Yaşım büyüdü, baktım ki içimdeki bu aşk bitmiyor ve sanata yöneliyorum. Bir yandan bale ve müzik dersleri alıp, bir yandan oyunculuk kursuna gidiyordum. Derken Ay Yapım bünyesinde S’nek TV’de başlayacak olan ‘Karşı Cinsin Casusları’ seçmelerine katıldım ve son üç kişiye kaldım. Üç kız bu programı canlı yayın olarak sunduk. Program iyiye gidince ikinci fikir doğdu ve ‘Sorgu Odası’ programını yapmaya başladık. Derken birçok kanalda farklı formatlarda program sunmaya devam ettim. Kariyerim devam ettiği sürece oyunculuk ve sunuculuk birlikte devam etsin istiyorum. İkisinin de yeri ayrı.

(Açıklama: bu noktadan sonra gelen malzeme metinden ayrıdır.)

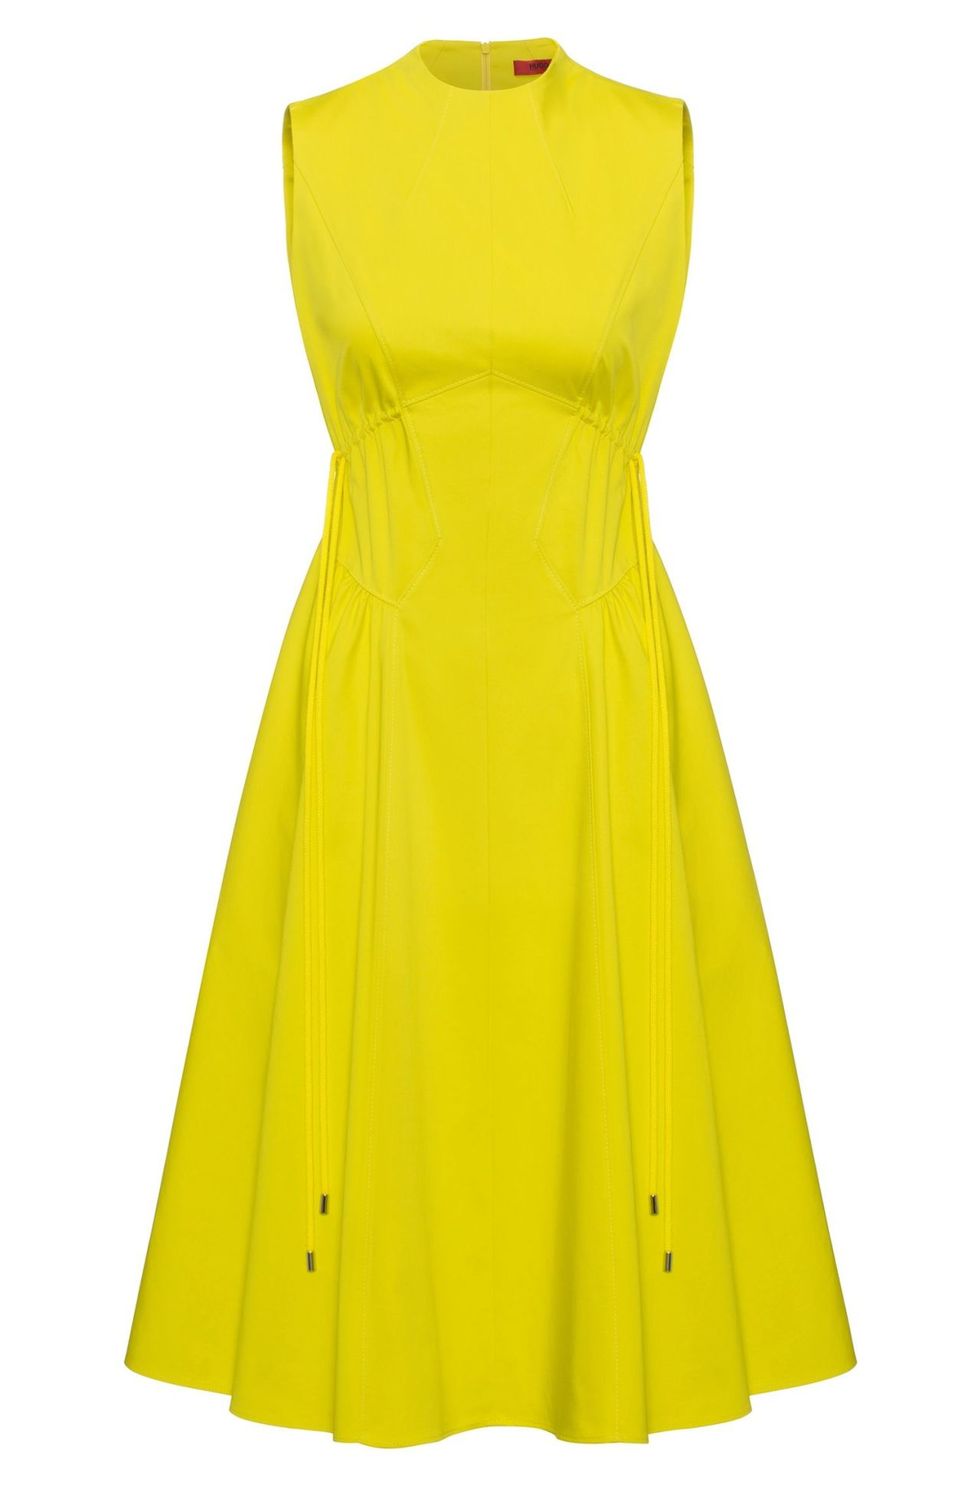 Clothing, Dress, Day dress, Yellow, Cocktail dress, A-line, Sleeve, Neck, One-piece garment, Formal wear, 
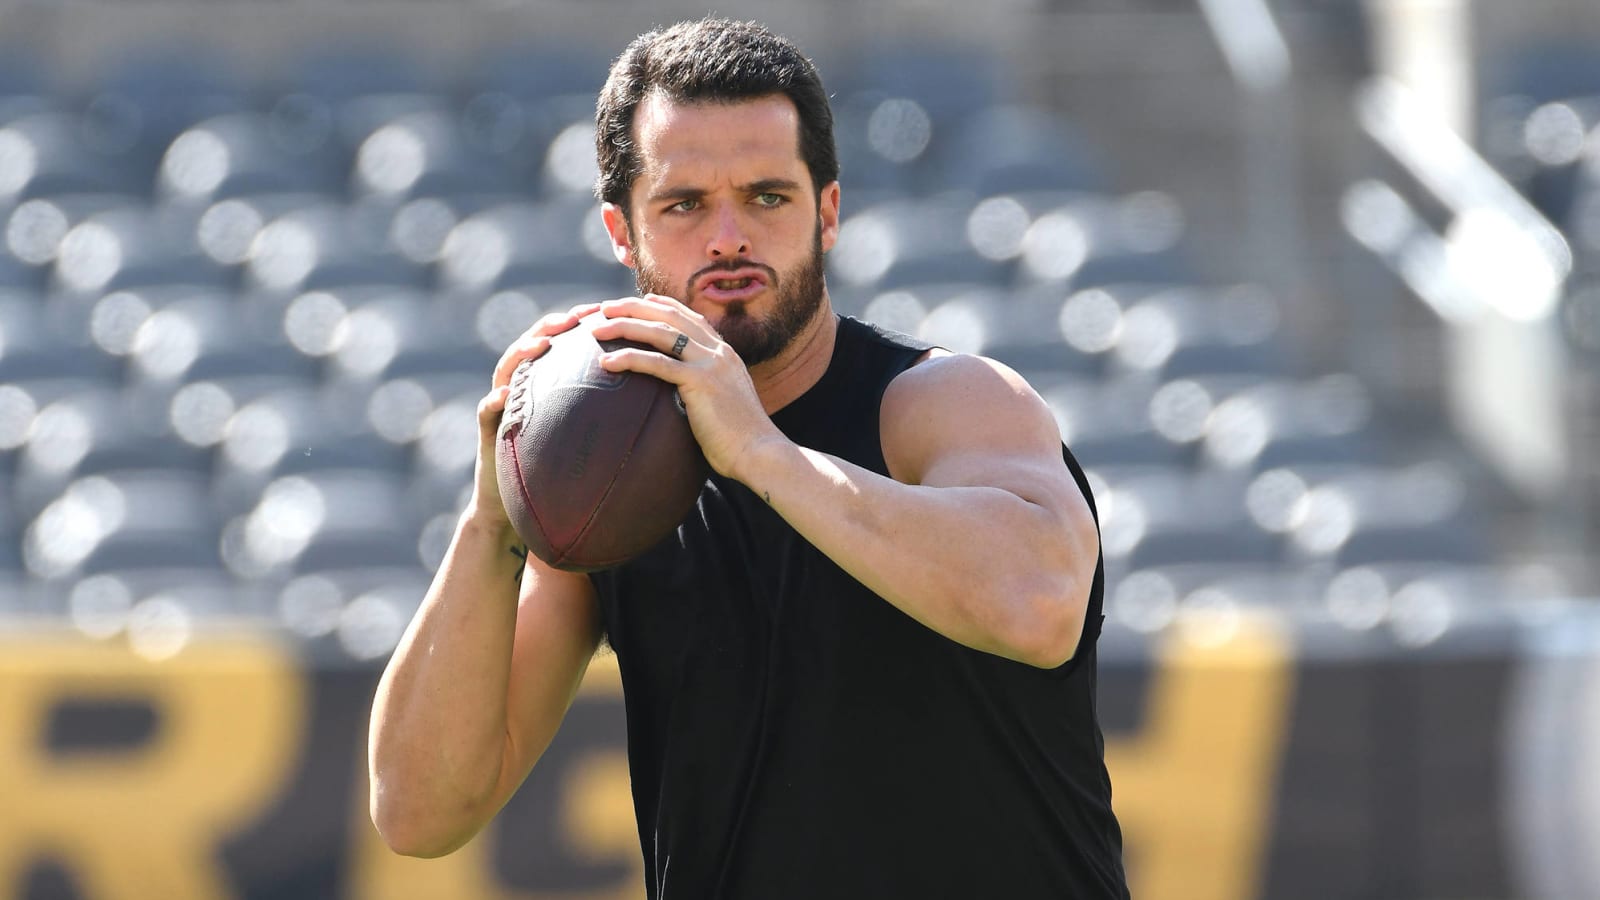 Raiders QB Derek Carr 'good to go' after ankle scare

Zorluk açısından değerlendirecek olursanız… Tek zorluğu, sunduğunuz programın saatleri bellidir düzenli bir hayat sunar size ama oyunculuk saatlerce çalışmanızı gerektirir. Düzenli bir hayatınız olamaz. İkisini de yapmaktan ayrı keyif alıyorum. İşimi çok seviyorum bu yüzden zorlukları gözüme batmıyor.

EVLİLİKTE ASIL MESELE ‘EVET’İ DEDİRTENDE!

6-Son sorum çalışma temposu dışındaki Melisa Toros’la ilgili… Birey olarak nelerden hoşlanır Melisa Toros? Nasıl bir karaktere sahiptir? ‘Aile kurmak’ konusunda beklentileri nelerdir? Kısacası kendi gözünüzden kendinizi ve gelecekle ilgili planlarınızı anlatır mısınız bize?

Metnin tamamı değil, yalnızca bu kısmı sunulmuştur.